**What the exercise asks**
For this exercise, return all the data word for word, with images left out.

**Source data**
□ □ □ □ □ □ □
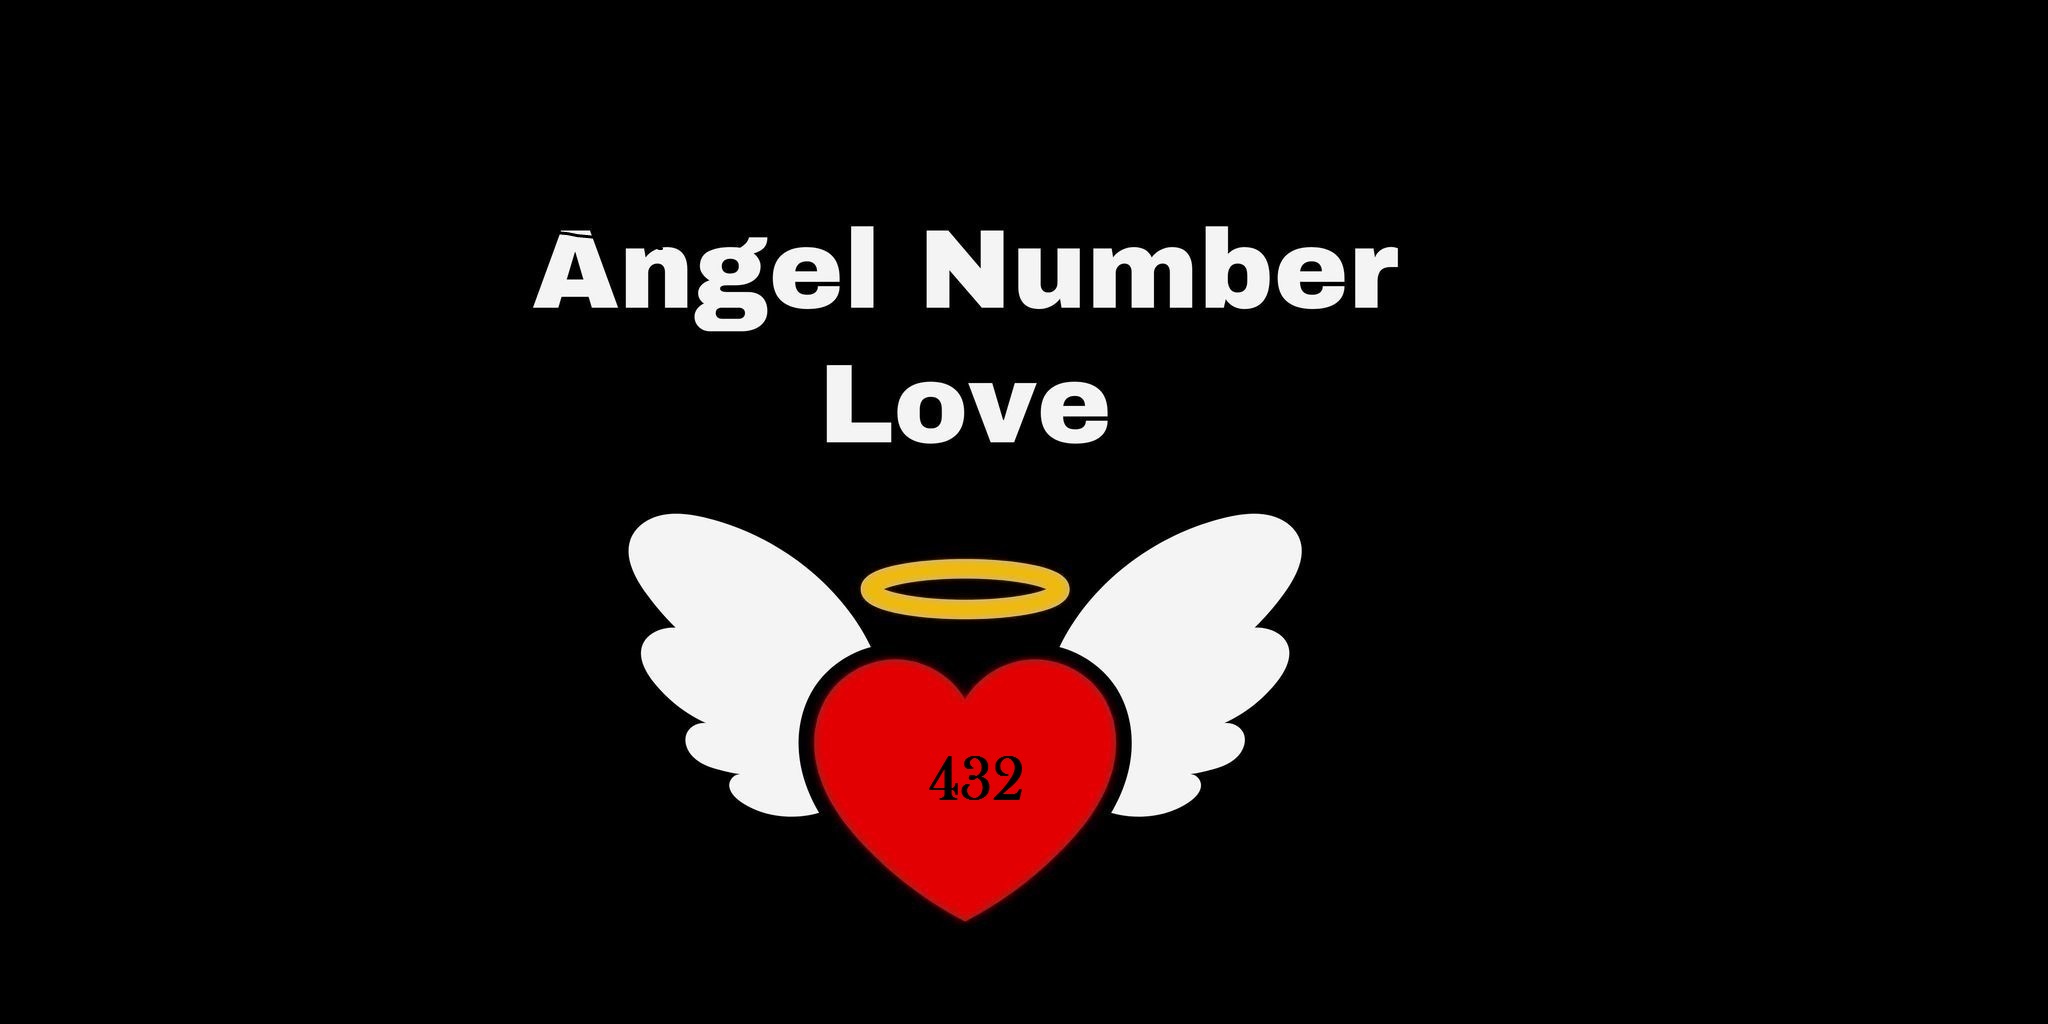 432 Angel Number Meaning In Love & Relationship
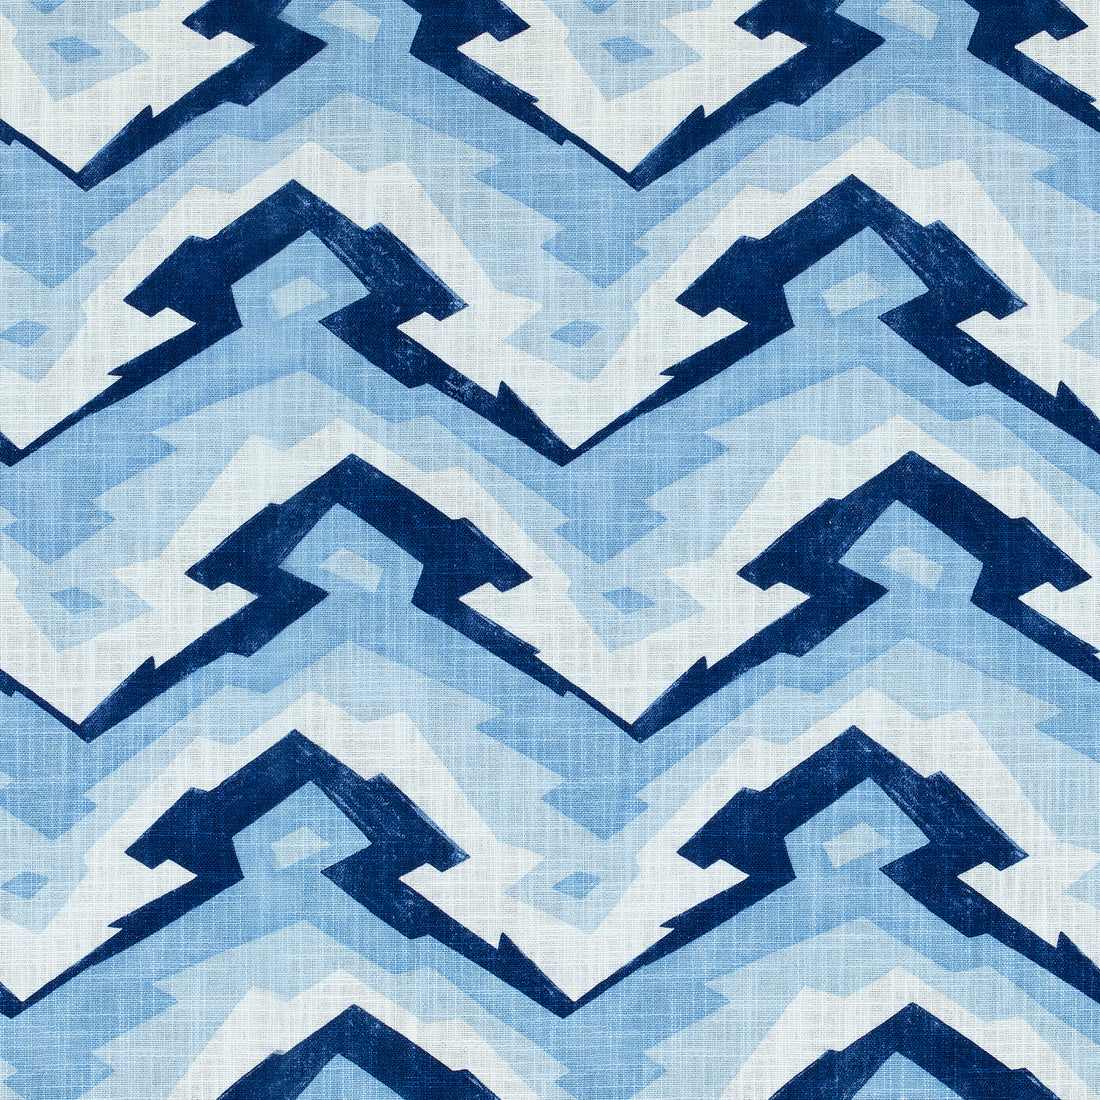 Deco Mountain fabric in blue color - pattern number F913077 - by Thibaut in the Summer House collection
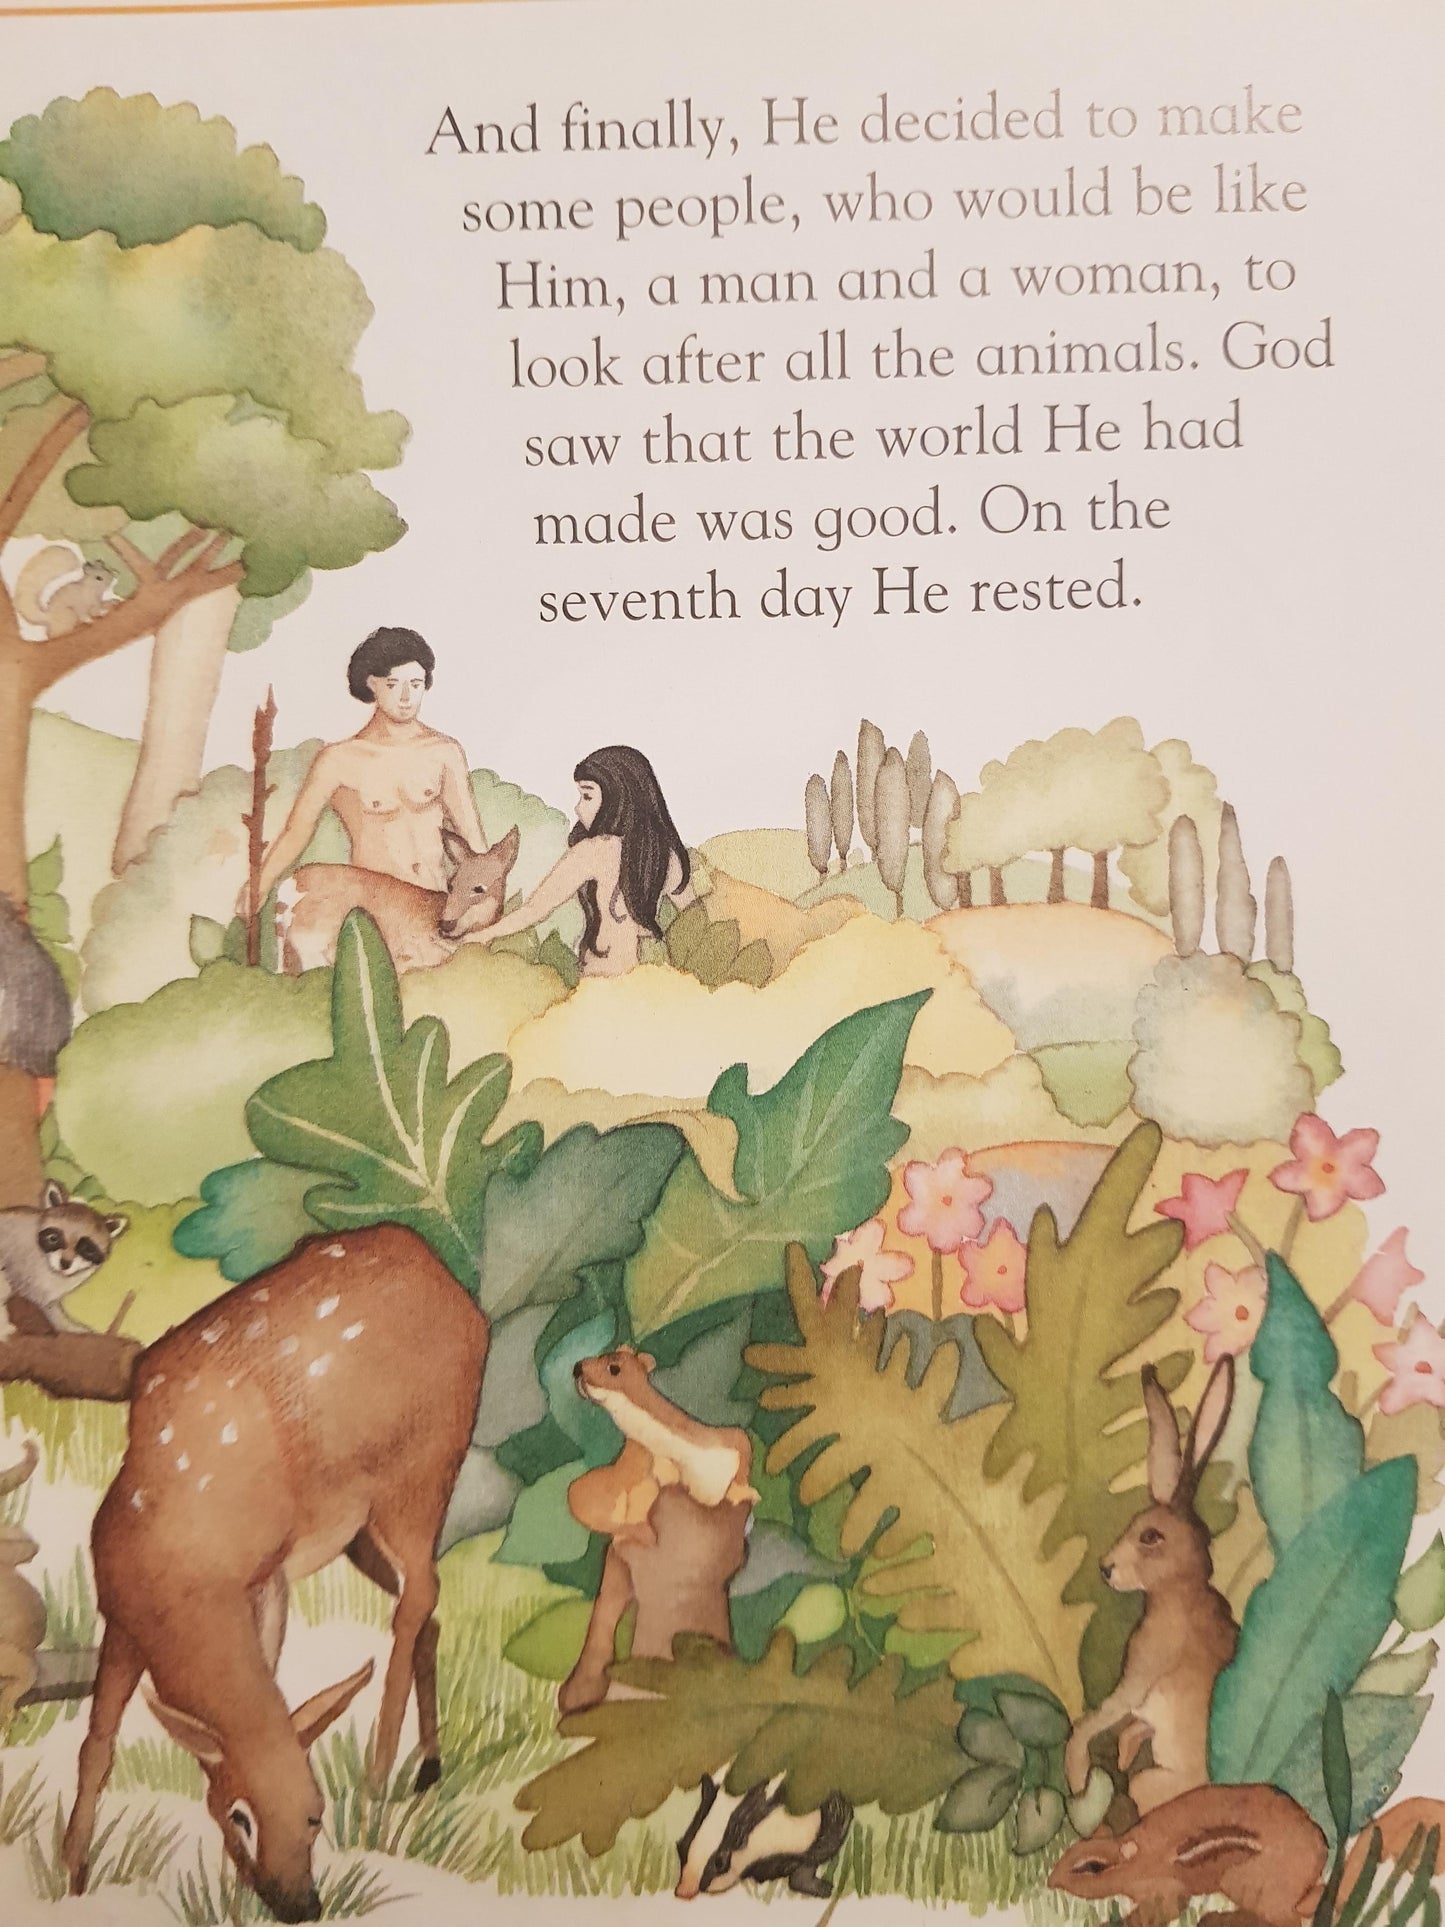 A First Bible story Book Like New Recuddles.ch  (6172264988857)
□ □ □ □ □ □ □
**Exercise output**
 432 Angel Number Meaning In Love & Relationship
 Deco Mountain fabric in blue color - pattern number F913077 - by Thibaut in the Summer House collection
 A First Bible story Book Like New Recuddles.ch  (6172264988857)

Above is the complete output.